A new political reality has taken shape in Egypt, one that goes beyond the legal opposition parties long complicit with the regime: the Muslim Brotherhood, which joined the protest movement late and reluctantly; and civil society groups and figures – Mohammed ElBaradei, for example – who have tried, unconvincingly, to claim leadership of the movement. Eventually, it will need a leader, but the events of recent days suggest that the regime – which has already split the formal opposition over the issue of Mubarak’s immediate resignation, the protesters’ one non-negotiable demand – is not serious about negotiating.
A pro-Mubarak movement has been drummed up, but many suspect that its members are plainclothes security officers and the usual hired thugs. Sadly, it’s likely that it also includes low-level cadres from the ruling party and ordinary Egyptians manipulated by the propaganda broadcast all day long by the regime on all ten channels of state television (the ones most Egyptians watch), as well as on some of the privately owned satellite channels. I have heard it claimed that my former employer, the International Crisis Group, conspired against Egypt; the commentator held up as evidence the fact that the Crisis Group had issued a statement on the situation in Egypt and that its previously published reports on Sudan and Kosovo had led to unrest in those countries.

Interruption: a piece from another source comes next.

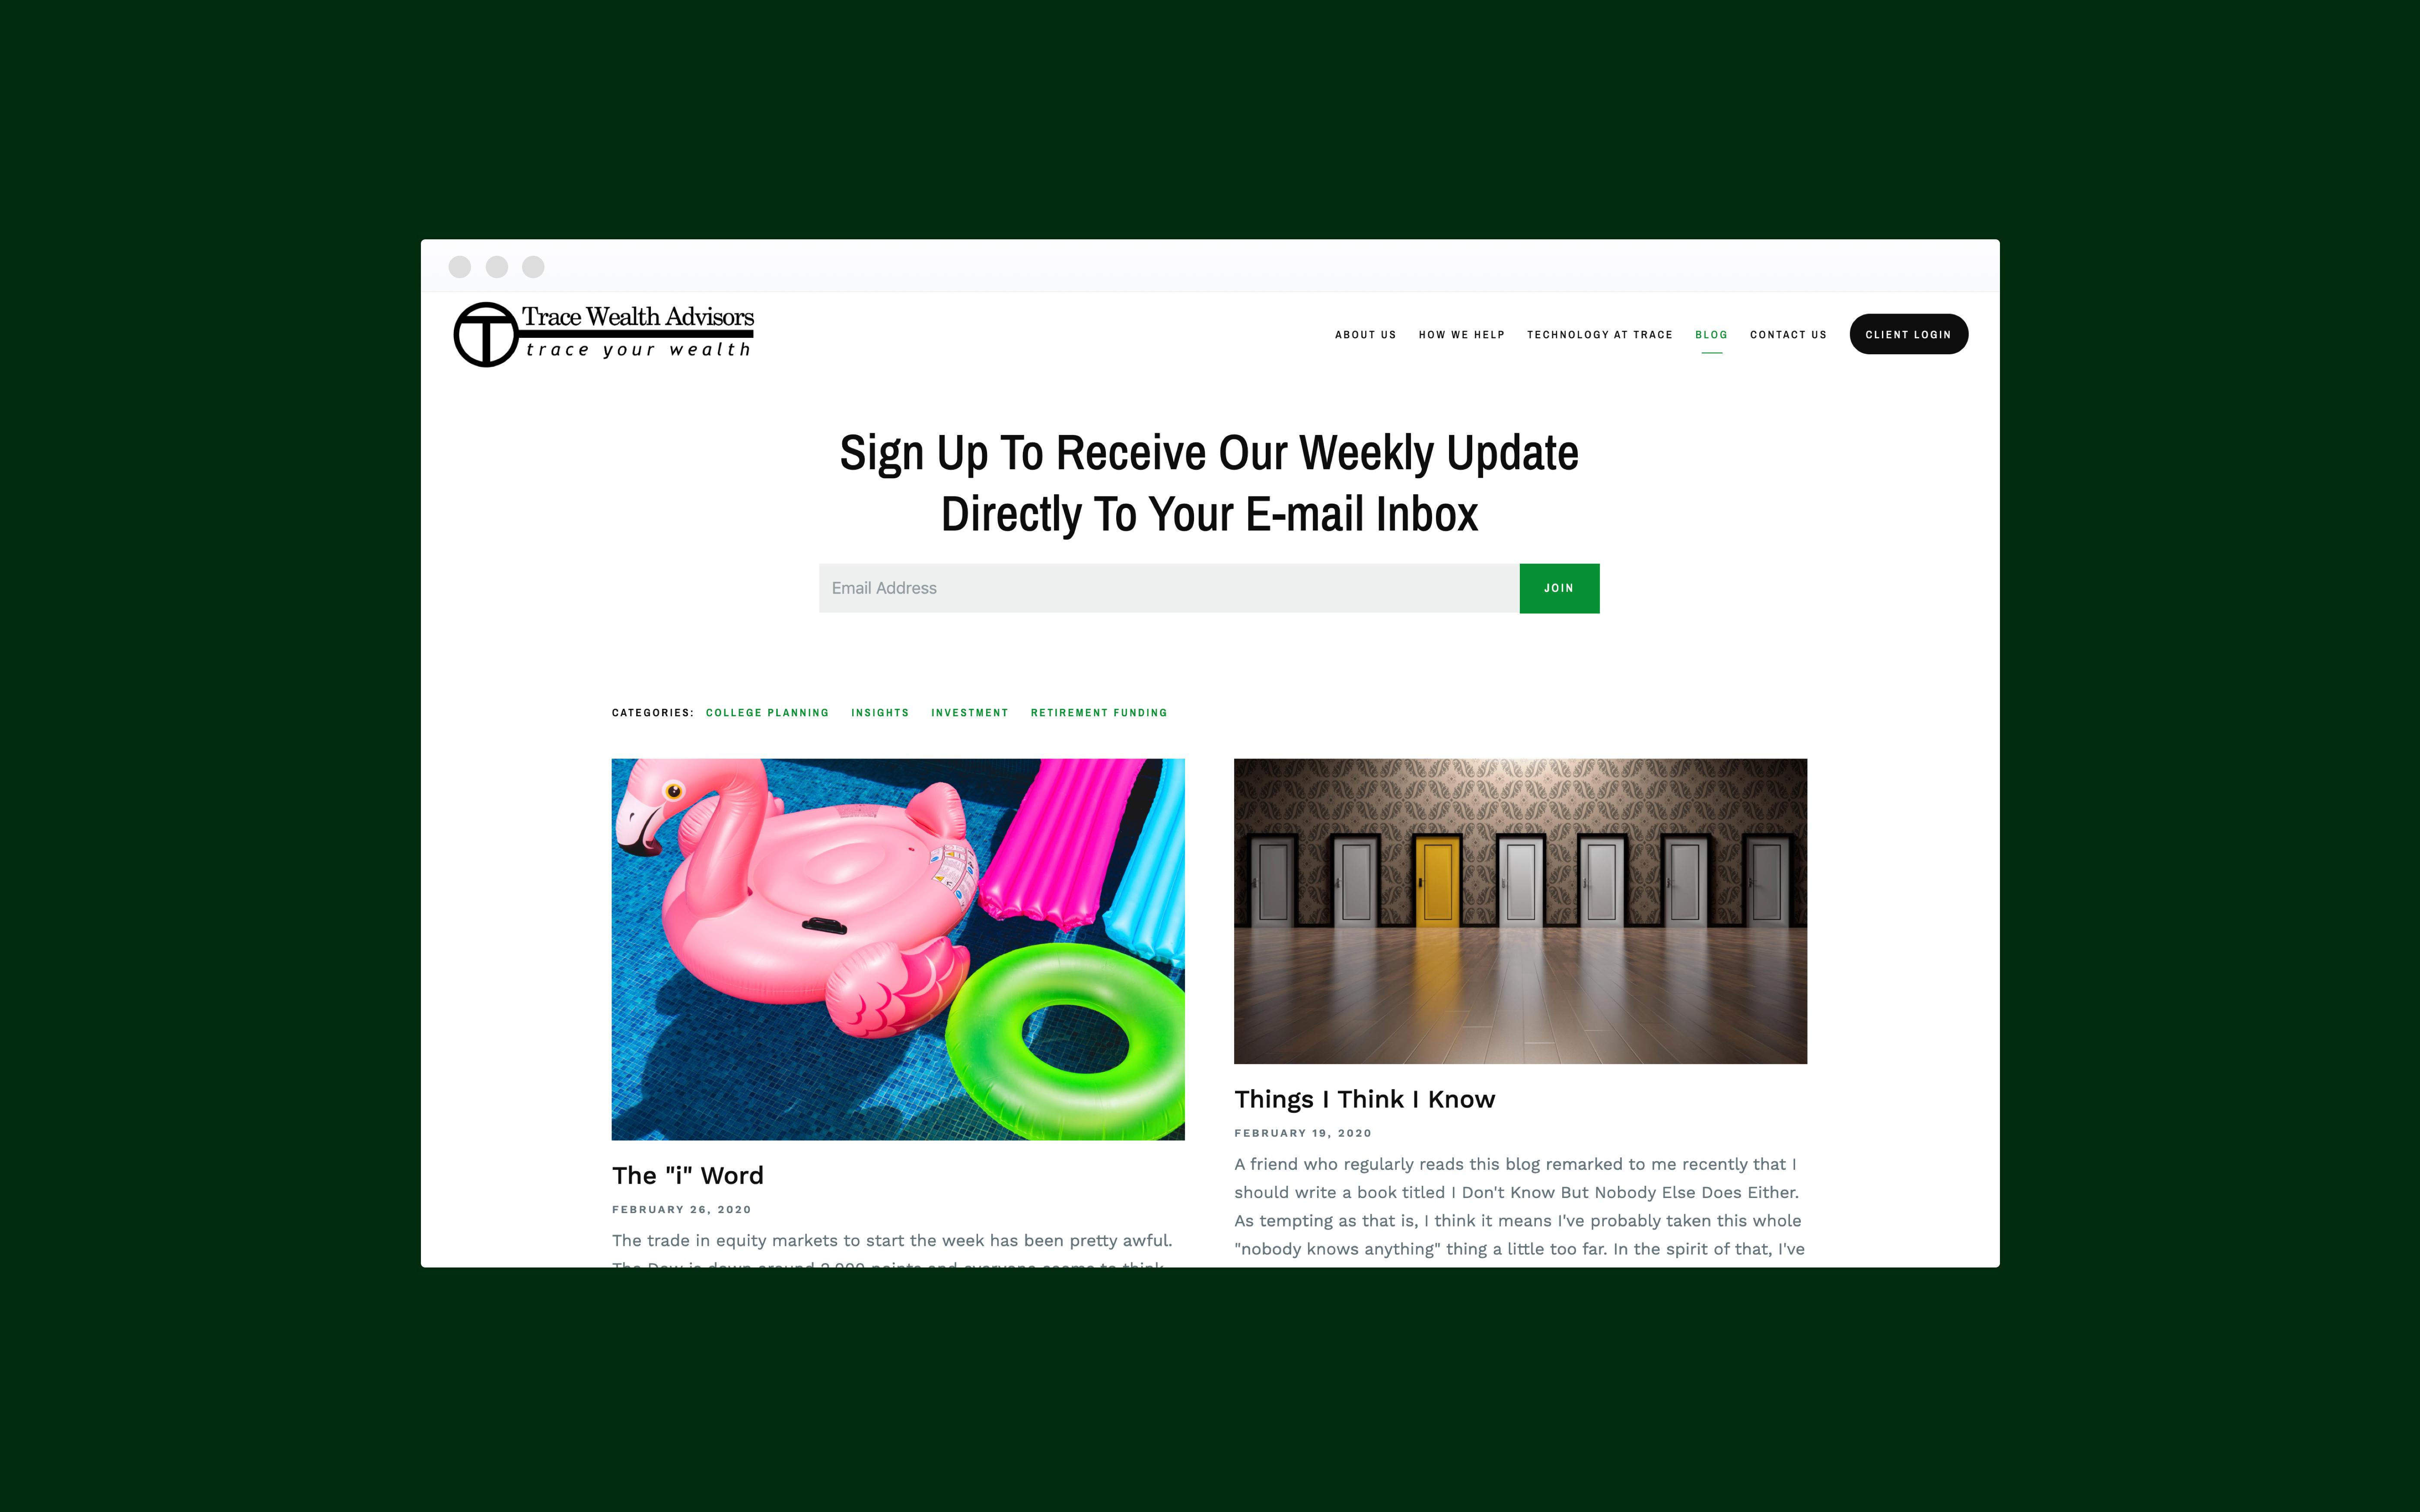 Trace Wealth Advisors blog

George Soros, one of the group’s main funders, was said to be the mastermind behind this plot (countless other Egyptian Glenn Becks would repeat the charge of muamara – ‘conspiracy’ – against the nation orchestrated by ‘foreign hands’). Pro-Mubarak youths were interviewed and allowed to claim that the anti-Mubarak protesters were all foreigners and Jews. A woman whose appearance and voice were changed to hide her identity claimed she had been an anti-Mubarak activist and had received subversion training from Israelis and Americans.
The regime is exploiting the fears of a largely poor and uneducated population, which only a few days earlier had shown itself capable of great solidarity, and blaming the insecurity it created itself on the protest movement. The concessions thus far – Mubarak’s announced departure, a willingness to negotiate constitutional and other reforms – were intended to achieve only two things. First, to counter foreign, and particularly American, pressure on the regime. Second, to make the public believe that a protest movement which continued to insist on Mubarak’s immediate departure was not being reasonable. That argument has convinced many people who are desperate for things to return to normal.
When Ben-Ali fled from Tunis, he created a vacuum at the top of the state that was imperfectly but quickly filled. The initial interim government did not please many, but a sense of civic duty appears for now to have stabilised the situation without a resort to authoritarianism. Mubarak, on the other hand, created a security vacuum in order to spread panic. In agreeing to step down, he tried to ensure that the regime would survive. Egypt is not Tunisia, at least not yet.